Isn’t that just like life? We are always so eager to get to the next stage! Whether it’s graduating, getting the job, finding the perfect boyfriend/girlfriend, getting engaged, getting married, getting to retirement, getting the kids out of the house, or just getting past this crazy day…it’s so easy to focus on getting there, wherever the next “there” may be. Before I was pregnant, I so desired to become pregnant; and to be honest, I really have enjoyed this phase of life. But now that society has communicated that my baby should have arrived by now, I struggle to stay content and focused in this moment. It’s natural to feel that way. But really, isn’t all we really have this moment?

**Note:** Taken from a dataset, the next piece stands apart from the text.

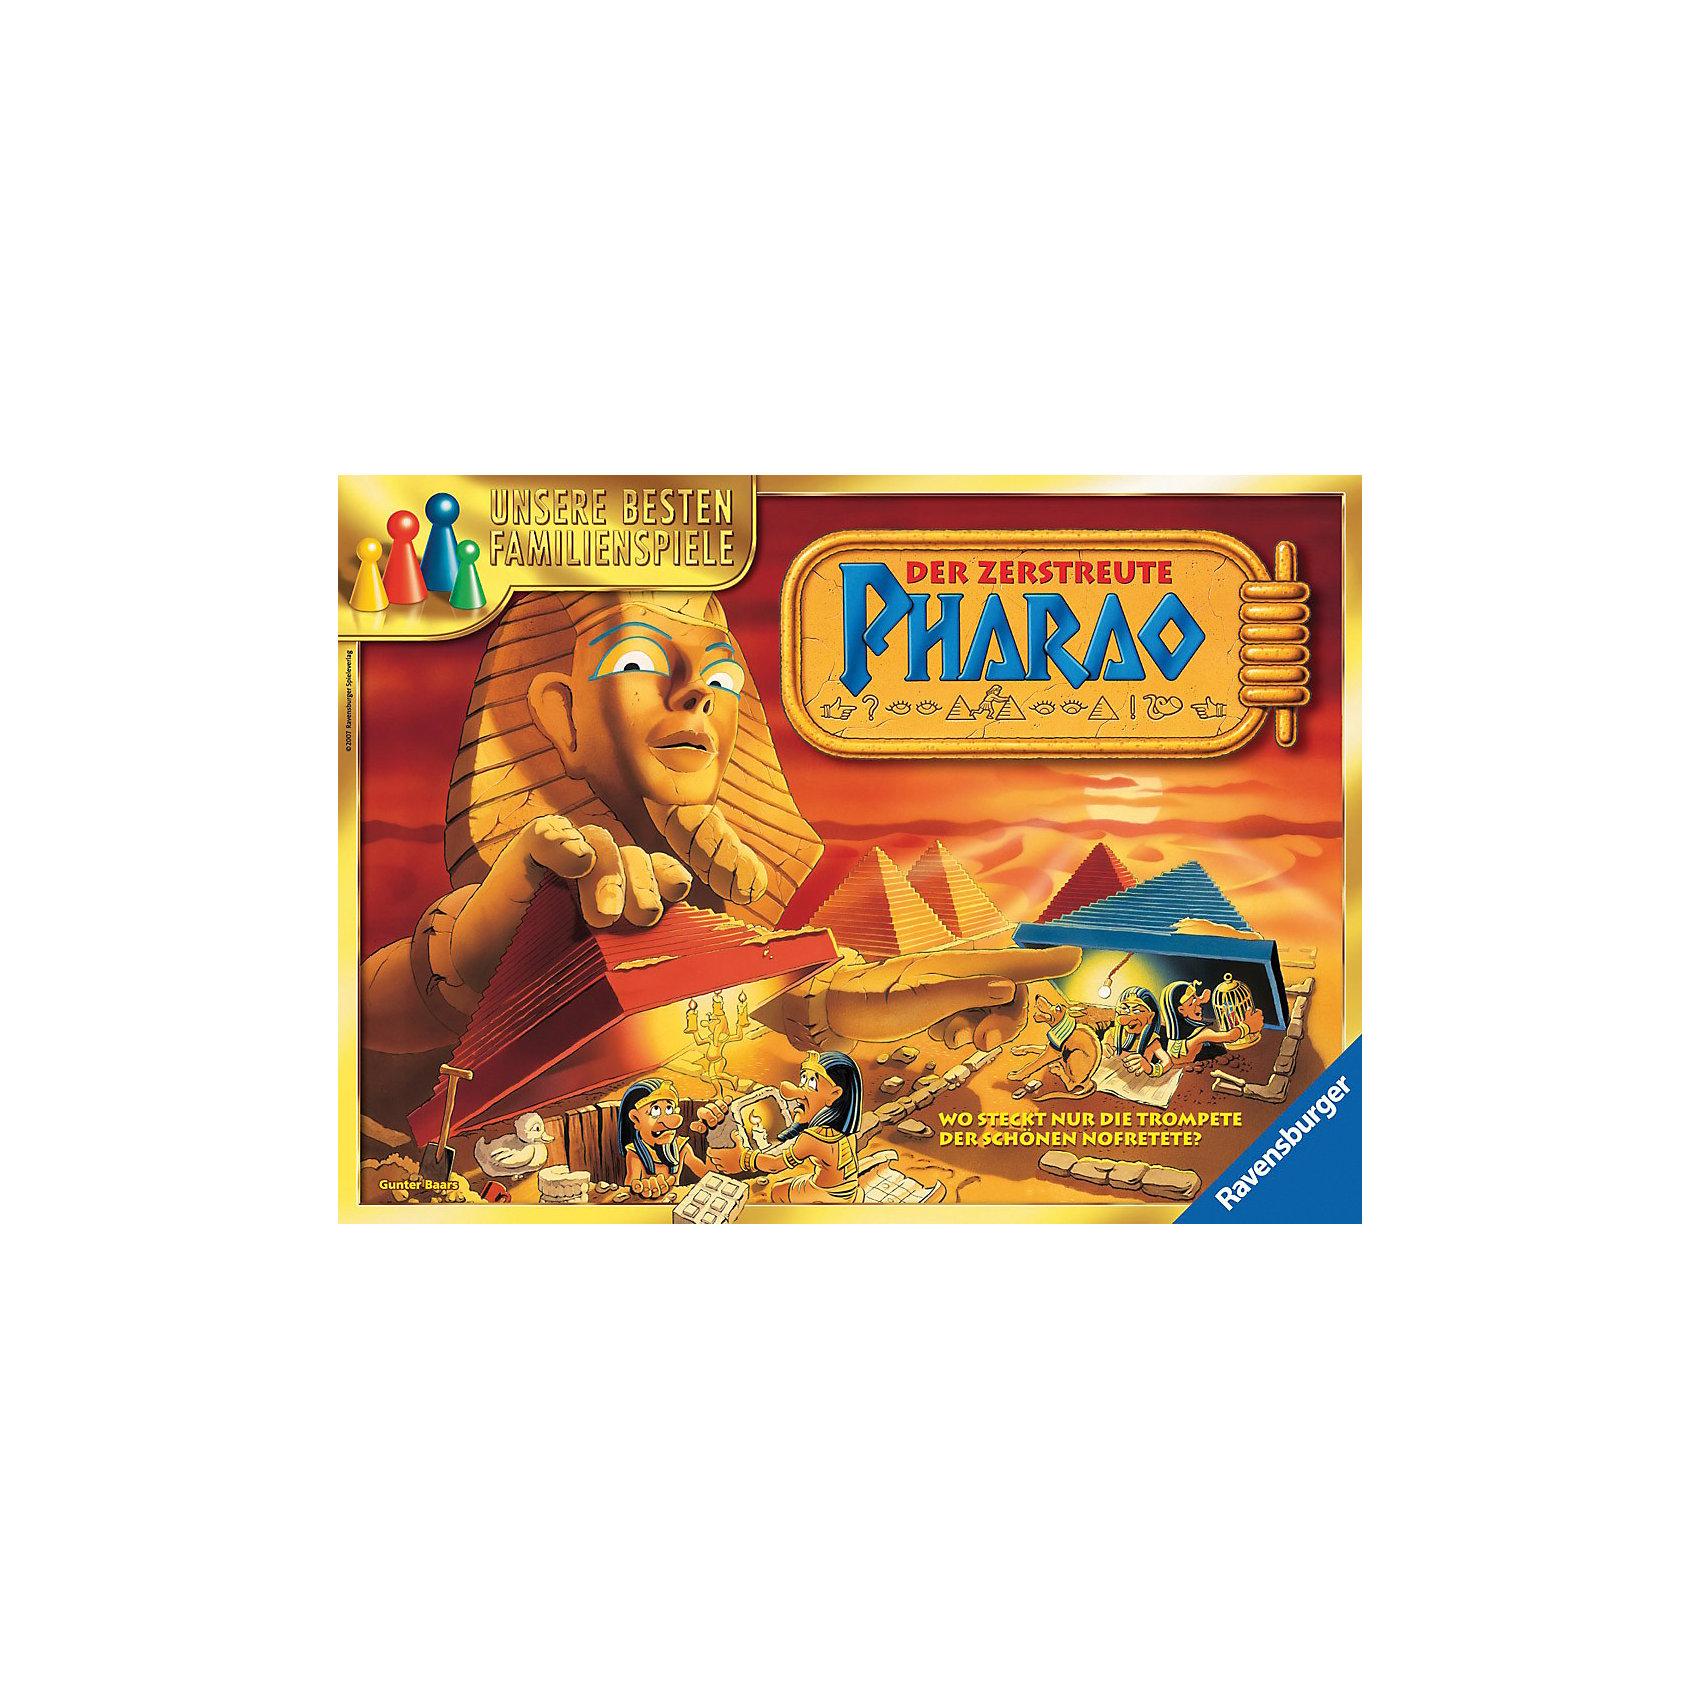 Настольная игра Рамзес ll RavensburgerНастольная игра Рамзес ll Ravensburger (русскоязычная версия) точно не даст Вам скучать!<br><br>Очень богатый, но, к сожалению, немного рассеянный фараон собрал за свою жизнь многочисленные сокровища из разных стран и спрятал их от воров в своих пирамидах. Однако он сам уже не помнит, что и где у него лежит.<br><br>К счастью, Вы и Ваш ребенок сможете помочь забывчивому Рамзесу отыскать его драгоценности. Тот, кто найдет больше всего сокровищ и соберет самые ценные, станет победителем.<br><br>Отправляйтесь на поиски сокровищ фараона всей семьей!<br><br>Дополнительная информация:<br><br>- Размеры упаковки (д/ш/в): 5,5 х 37,3 х 27,3 см.<br>- Количество игроков: 2-5.<br><br>Игра особенно понравится детям, которые увлекаются историей Древнего Египта.<br><br>Настольную игру Рамзес ll Ravensburger можно купить в нашем магазине.<br><br>Ширина мм: 55<br>Глубина мм: 373<br>Высота мм: 273<br>Вес г: 880<br>Возраст от месяцев: 96<br>Возраст до месяцев: 1164<br>Пол: Унисекс<br>Возраст: Детский<br>SKU: 2148768

Ann Voskamp writes beautifully of the gift of this moment concept in her recent book, One Thousand Gifts and on her blog (http://www.aholyexperience.com/ann-voskamp/). Look how she describes this phenomenon of always being in a hurry to get there:
“Being in a hurry. Getting to the next thing without fully entering the thing in front of me. I cannot think of a single advantage I’ve ever gained from being in a hurry. But a thousand broken and missed things, tens of thousands, lie in the wake of all the rushing…. Through all that haste I thought I was making up time. It turns out I was throwing it away.”
I know I do that sometimes. In my impatient waiting for “next”, I completely miss out on now. If I’m not careful to be fully present and grateful for the moment of life I am in right now, I am blind and deaf to the beauty that surrounds me, I am throwing away time. What small act of love can I perform today that might echo throughout eternity? How can I nourish myself and others with the abundant grace that is offered today, which I may find myself in need of for tomorrow’s journey?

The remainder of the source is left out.